Bayu menganggap, pemberian izin pemanfaatan ruang kepada perusahaan besar adalah salah satu akar bencana karhutla, termasuk di Kalteng. Yang mana karhutla terjadi akibat degradasi lingkungan di kawasan berkategori lindung atau ekosistem penting seperti hutan dan gambut.
“Karhutla muncul dari pemanfaatan lahan yang tidak sesuai dan tidak melihat aspek lingkungan. Sehingga, aktivitas yang berkontribusi terhadap degradasi lingkungan banyak dilakukan, seperti pembuatan kanal," hemat Bayu.
Penegakan hukum juga menjadi catatan Bayu. Menurutnya, koordinasi antar-instansi penegak hukum masih lemah, sehingga memperlemah proses penegakan hukum.
Di Kalteng, sejumlah kasus karhutla korporasi telah diproses secara hukum dan sudah ada vonisnya, seperti kasus PT Arjuna Utama Sawit (AUS) yang diganjar bayar ganti rugi kerusakan lingkungan senilai sekitar Rp115 miliar serta biaya pemulihan lingkungan senilai Rp227 miliar, dan PT Kalimantan Lestari Mandiri yang divonis bayar ganti rugi kerusakan lingkungan Rp89 miliar dan biaya pemulihan sebesar Rp210 miliar.

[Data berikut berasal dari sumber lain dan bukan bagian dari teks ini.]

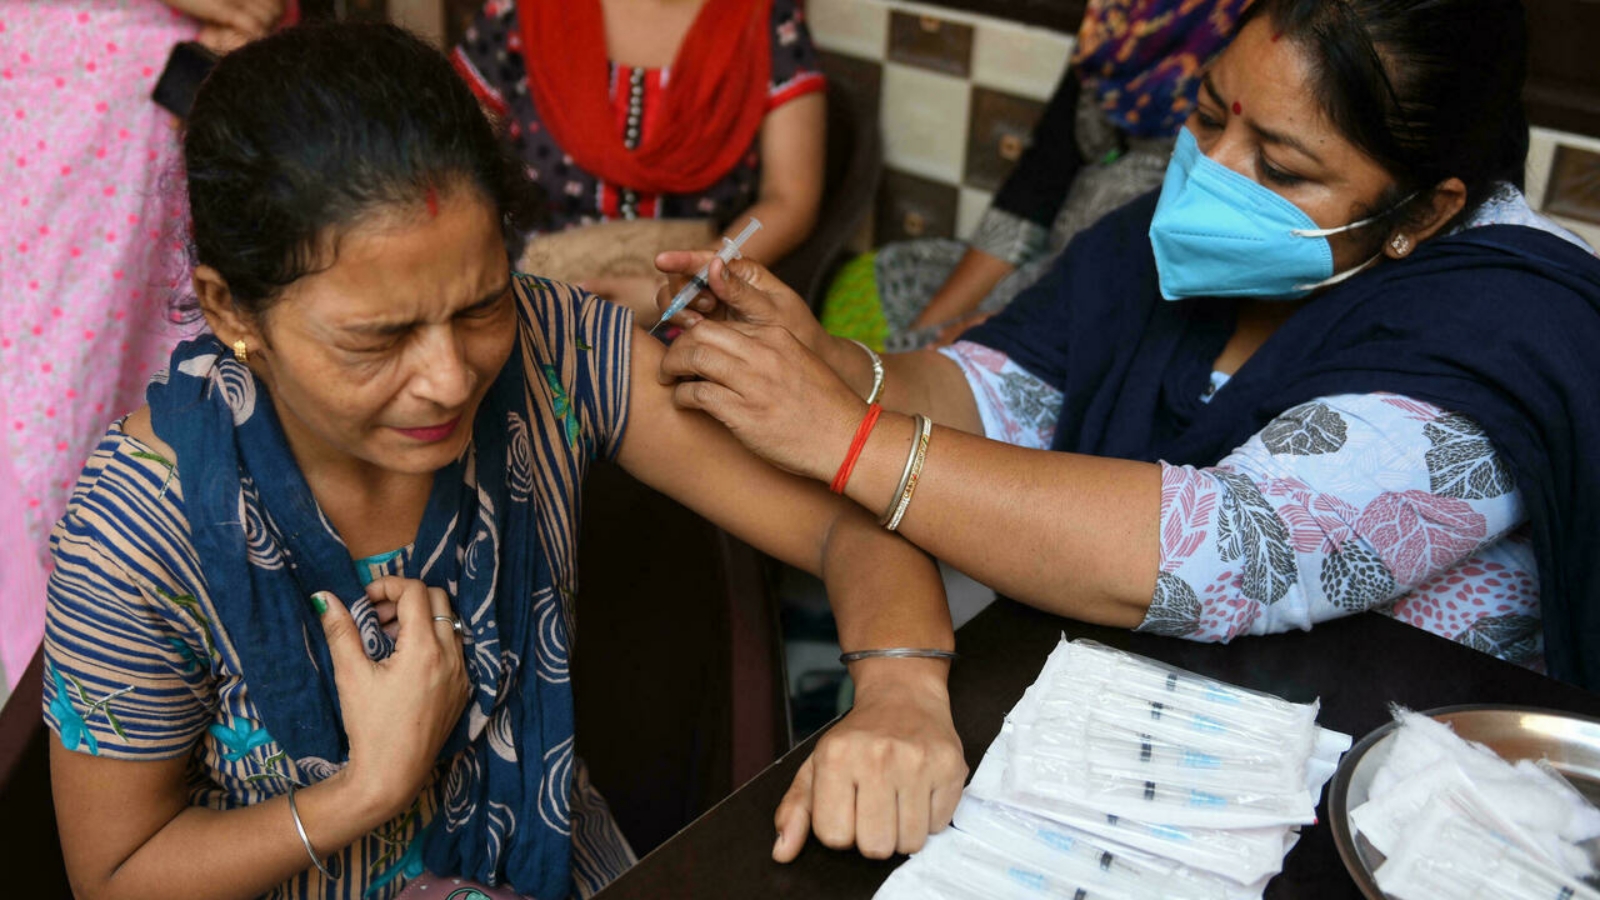 البلدان الناشئة ستتحمل العبء الأكبر من الخسائر الناجمة عن جهود التطعيم البطيئة، وفقًا لوحدة المعلومات الإقتصادية.
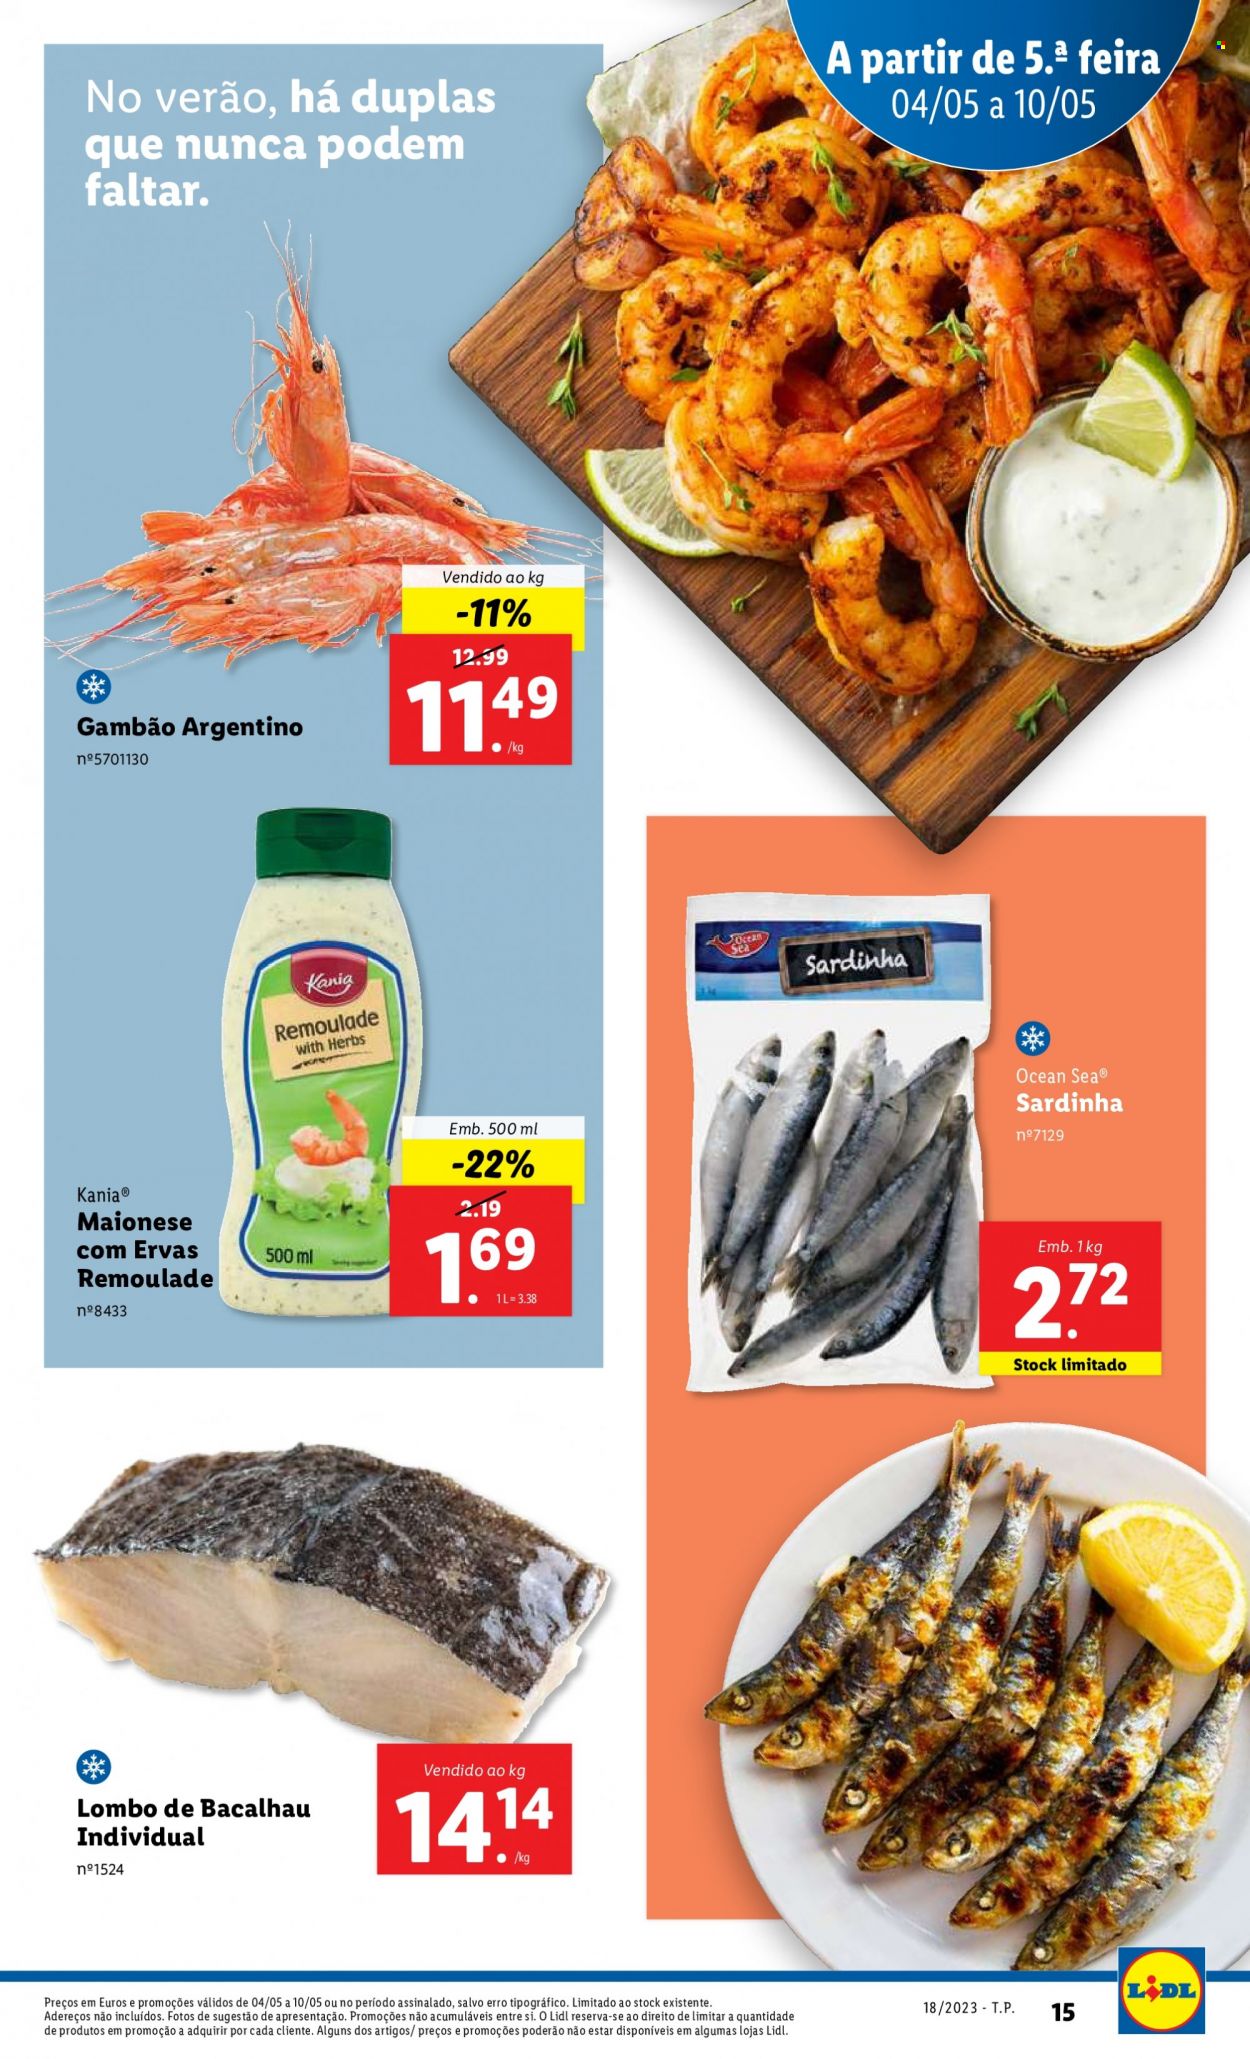 Folheto Lidl - Produtos em promoção - gambão, maionese, sardinhas, bacalhau, peixe. Página 15.

Selain dua kasus korporasi itu, ada pula kasus karhutla korporasi lain yang tengah berproses, yakni kasus PT Kumai Sentosa yang digugat membayar sekitar Rp175 miliar oleh KLHK.
Tampak dari ketinggian areal konsesi perkebunan sawit PT Kumai Sentosa terbakar./Foto: Gakkum
Bayu melihat, ada beberapa persoalan yang muncul dalam perjalanan penanganan kasus karhutla di Kalteng, seperti pelaksanaan eksekusi kewenangan ketua pengadilan negeri, dan lambatnya penerimaan relaas pemberitahuan isi putusan dan salinan dokumen putusan.
Masalah lainnya, adanya perlawanan dari pihak perusahaan berupa pengajuan peninjauan kembali, penundaan pelaksanaan eksekusi karena adanya peluang hukum yang bisa dilakukan oleh termohon dan gugatan balik dari pihak termohon.
Walau begitu, Bayu masih berharap agar penegakan hukum terus dilakukan dan menjerat pelaku karhutla, terutama perusahaan nakal.
"Penegakan hukum harus bisa lebih menyasar kepada entitas yang lebih besar dan tidak hanya pada kelompok masyarakat yang lebih kecil,” kata Bayu.
Bayu juga memberi beberapa nasihat kepada pemerintah agar karhutla bisa sedikit teratasi, misalnya melakukan evaluasi terhadap perizinan bagi korporasi dalam penguasaan dan menghentikan konversi gambut untuk industri dan proyek lahan skala besar.
Badan Meteorologi Klimatologi dan Geofisika (BMKG) menyatakan, awal datangnya musim kemarau 2022 di Indonesia terjadi pada periode April-Juni dan memasuki puncak musim kemarau pada Juni hingga September.
BMKG juga mengingatkan, ancaman karhutla di 2022 akan lebih tinggi dibandingkan 2021 lalu, dikarenakan musim kemarau yang lebih kering pada sebagian besar wilayah Indonesia dibandingkan 2021 lalu.